I already was flushing the STDOUT and STDERR before I used File::Tee. As #jimtut suspected, File::Tee was indeed the culprit - removing it restored the ordering on console. But I did want to redirect the STDOUT and STDERR.
#mob suggested using IO::Tee instead, but I haven't fully understood how to make that work they way I want in my code.
#briandfoy pointed out that there isn't a reliable way to ensure 2 seperate filehandles are seen in the correct order in realtime and also suggested using a logging routine which is the only place which can write to STDOUT/STDERR. #zimd further pointed out that File::Tee uses fork which is the heart of the issue since 2 processes cannot guarantee any order on output.

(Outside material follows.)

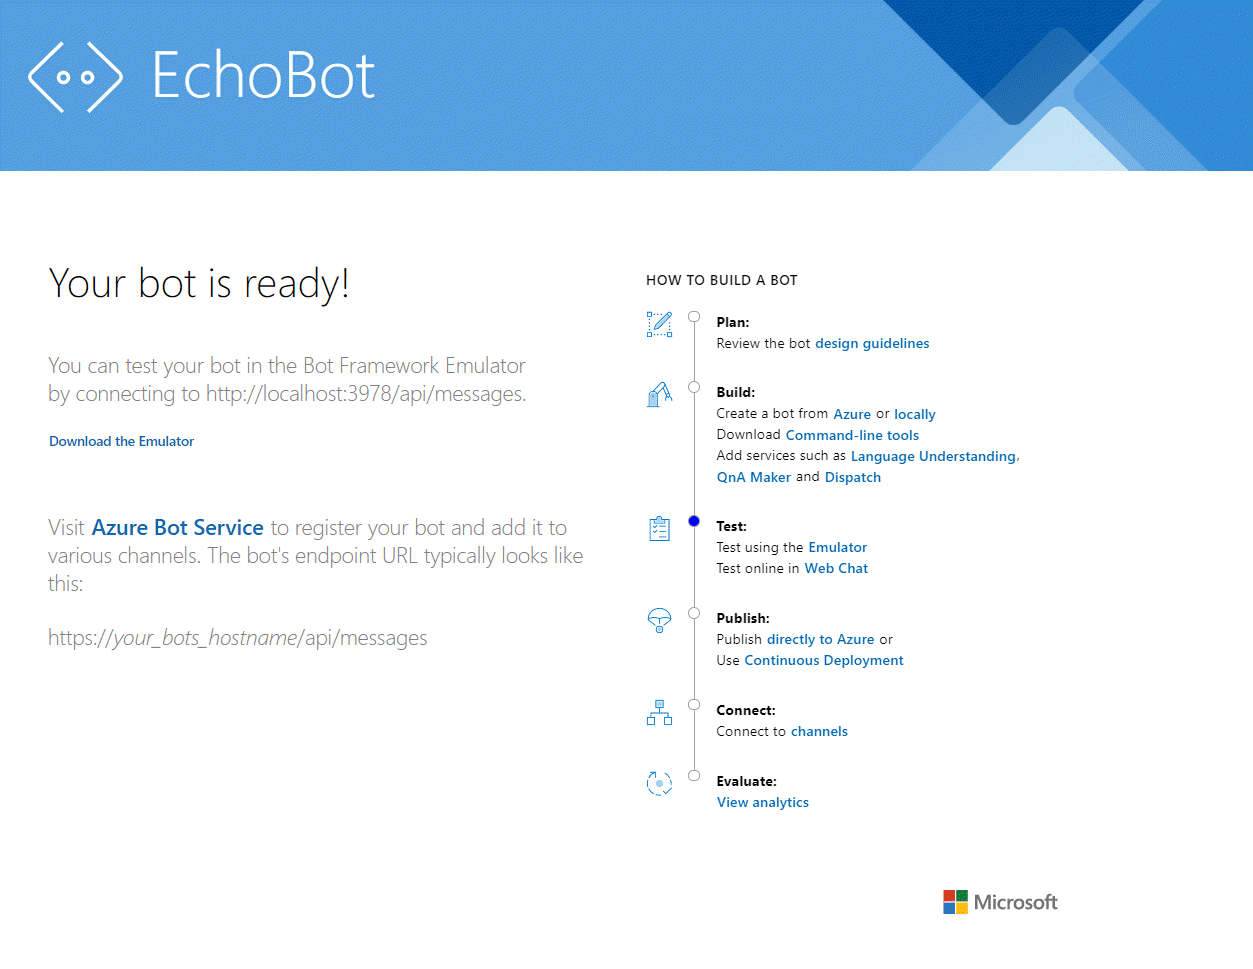 Schermopname van de pagina EchoBot met het bericht dat uw bot gereed is.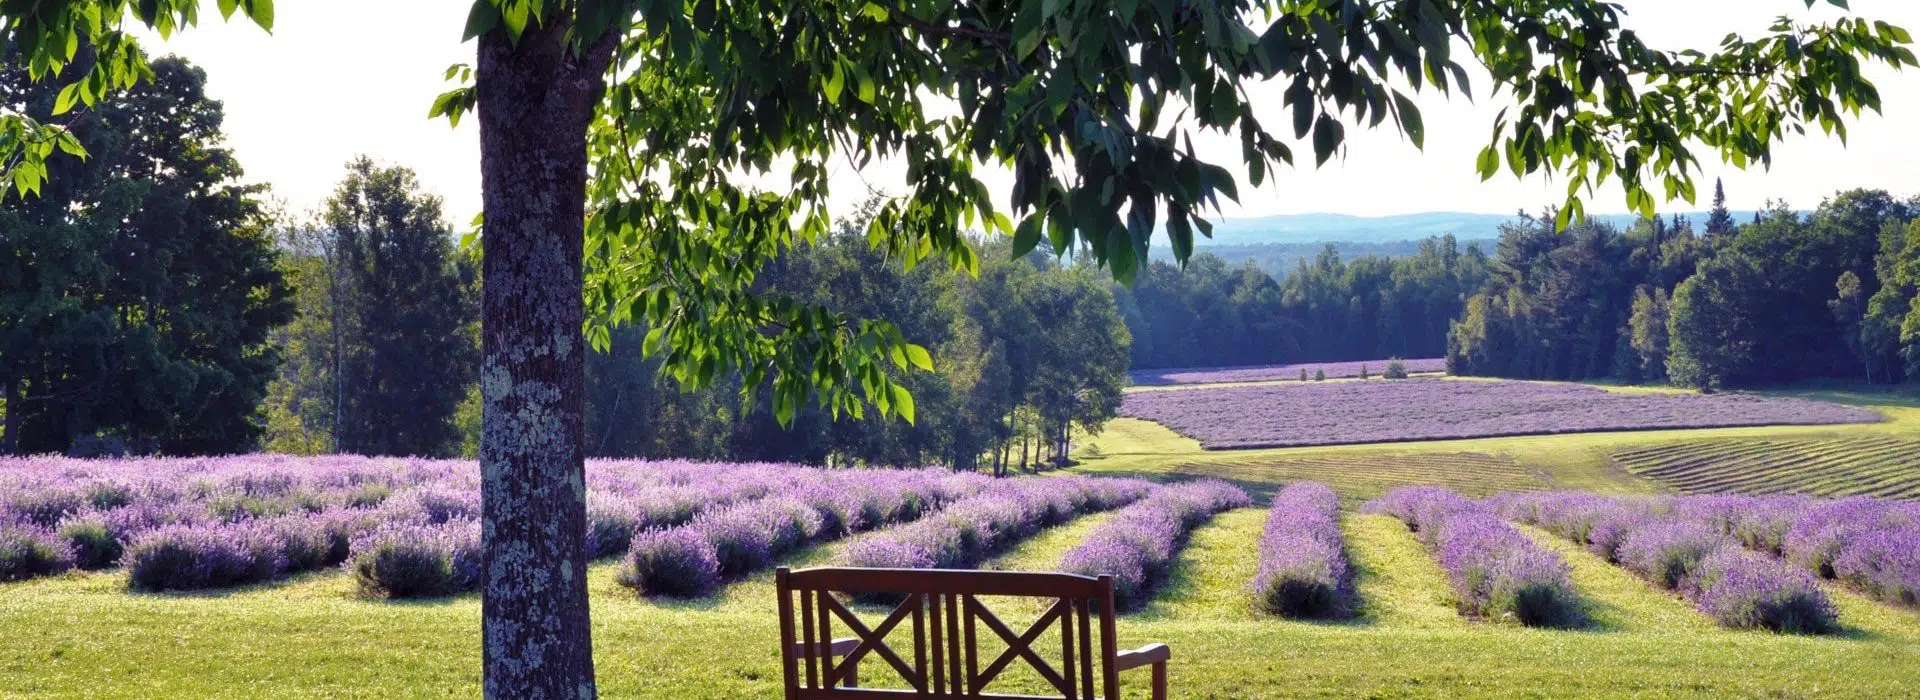 rows of lavender at the bleu lavande lavender farm Canada near Rabbit Hill Inn

Since the File::Tee is to blame, I attempted to remove this from the code. I updated my logger function to print to STDOUT/STDERR as well as to additionally print to $log filehandle. Further for capturing the warns in the log, I did the following:
sub warning_handler {
my $msg = $_[0] ;
print STDERR $msg ;
print $log $msg if defined $log ;
}
$SIG{__WARN__} = \&warning_handler ;
This worked great for all of the code under my control. Everything was printing in order now both on console and logfile. However I realized I can't use this solution since I was also calling someone else's perl packages for some functionality and clearly I couldn't intercept the print/croak etc which wrote to STDOUT/STDERR within the 'off the shelf' package. So right now, I don't have a good solution. However I suspect if I can find someway to intercept STDOUT/STDERR within perl, I might be able to get what I need.
EDIT2:
I added my own answer which is probably the closest I got to solving the problem by modifying mob's solution of using IO::Tee instead of File::Tee, but even this misses some messages (though it fixes ordering).
EDIT3:
Finally found the 'solution'
use IO::Tee ;
use Capture::Tiny qw(capture);
...
...
select(STDERR) ;
$| = 1 ;
select(STDOUT) ;
$| = 1 ;
open (my $log, ">", $logfilename) ;
*REALSTDOUT = *STDOUT ;
*REALSTDERR = *STDERR ;
*STDOUT = IO::Tee->new(\*REALSTDOUT, $log);
*STDERR = IO::Tee->new(\*REALSTDERR, $log);
# Regular Perl code here which sends output to STDOUT/STDERR
...
...
# system calls / calls to .so needs to be catpured
&log_streams(sub { &some_func_which_calls_shared_object() ; }) ;
sub log_streams {
my ($cr, #args) = #_; # code reference, with its arguments
my ($out, $err, $exit) = capture { $cr->(#args) };
if ($out) {
print STDOUT $out;
}
if ($err) {
print STDERR $err;
}
}
The use of IO::Tee ensures all perl generated outputs to console also go to logfile, and this happens immediately thereby updating the log and console in realtime. Since IO::Tee is changing the meaning of STDOUT/STDERR filehandles to now refer to the teed handles, it can only intercept stdio from perl statements, it misses sys calls since they bypass perl's STDOUT/STDERR handles. So we capture the syscall output and then use the log_streams routine to forward it to the now aliased STDOUT/STDERR streams. This creates a delay in the system call generated output showing up in log/terminal but there is no delay for perl generated output - i.e. best of both worlds. Do note that the ordering of stderr and stdout generated by an invocation of subroutine some_func_which_calls_shared_object is not preserved since in the log_streams routine, we first print to STDOUT and then to STDERR - as long as the system call is atomic and doesn't do much in terms of interleaving stdout/stderr messages we should be ok.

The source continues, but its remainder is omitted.